I do need to ask though, what about the many millions of Protestants whose belief in the Real Presence is nearly indistinguishable from Catholic beliefs? Are they not "born again" enough for you?
Historically, The closest prots get is Luthers consubstantiation.
The majority of prots believe in a spiritual presence, not a literal.
"Do this in rememberance of Me", the text tells us it is meant as a memorial of Lord's Sacrifice, AND a proclamation, 1 cor 11:26 For whenever you eat this bread and drink this cup, you proclaim the Lord's death until he comes.

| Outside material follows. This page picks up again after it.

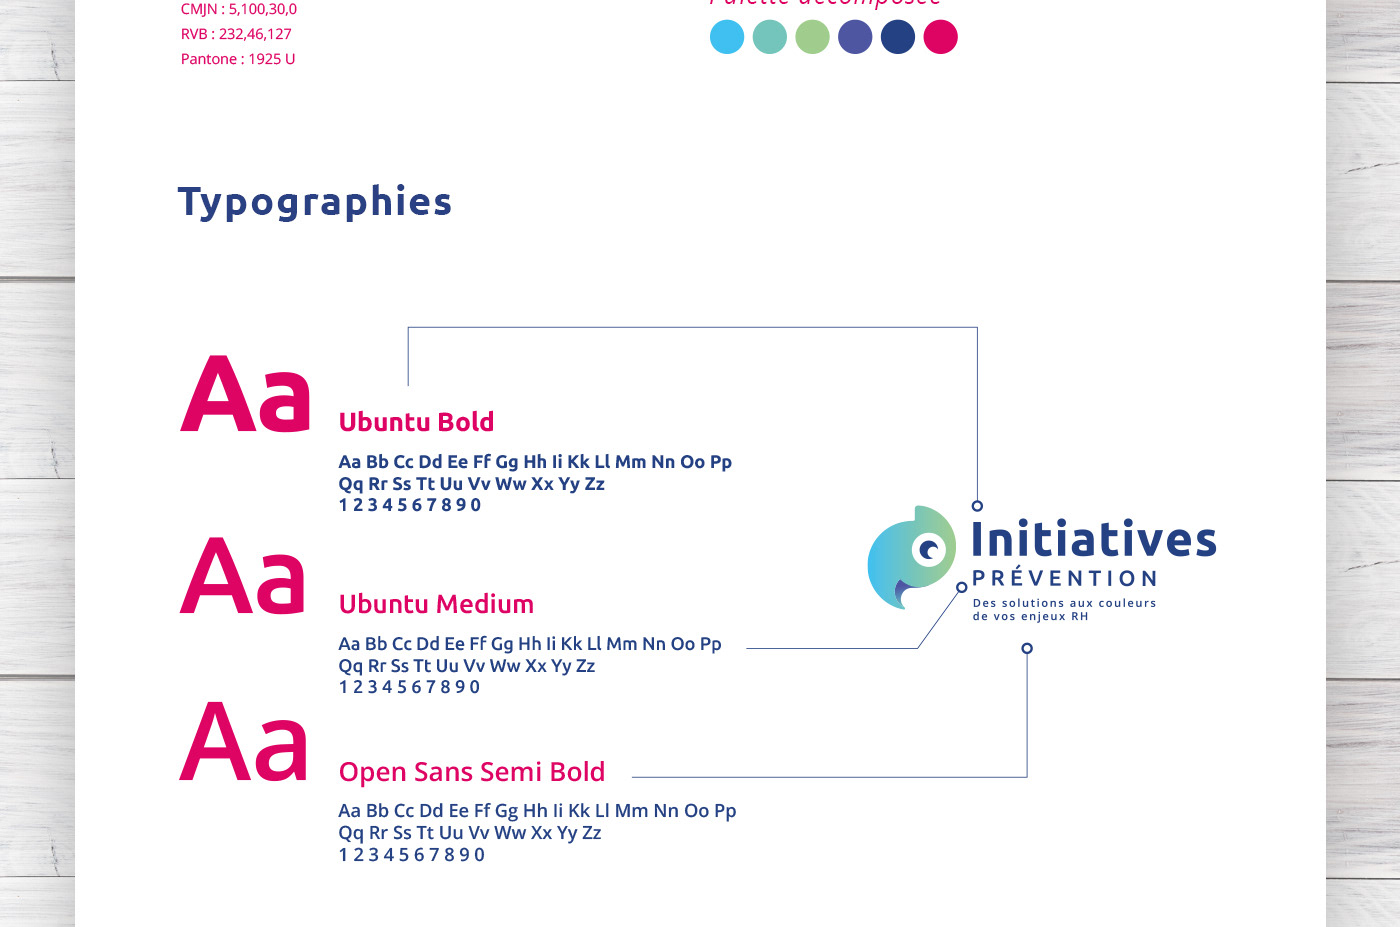 identité visuelle logo initiatives prévention RH ressources humaines charte graphique extrait solutions enjeux couleurs

The RCC did not declare the bread and wine to be literal until the 10th or 11th century. Both symbolic an literal understandings existed until then. Augustine understood them to be symbols.
Which is a far cry from dismissing it as a "metaphor" and what of the High Church Anglicans whose belief is nearly identical to the Catholic Church's.
"Do this in rememberance of Me", the text tells us it is meant as a memorial of Lord's Sacrifice, AND a proclamation, 1 cor 11:26 For whenever you eat this bread and drink this cup, you proclaim the Lord's death until he comes.
That makes no sense in light of St. Paul's use of the words unworthily and guilt in the subsequent verses.
The RCC did not declare the bread and wine to be literal until the 10th or 11th century. Both symbolic an literal understandings existed until then. Augustine understood them to be symbols.
Have you actually got writings by Saint Augustine where he dismisses the Eucharist as merely symbolic?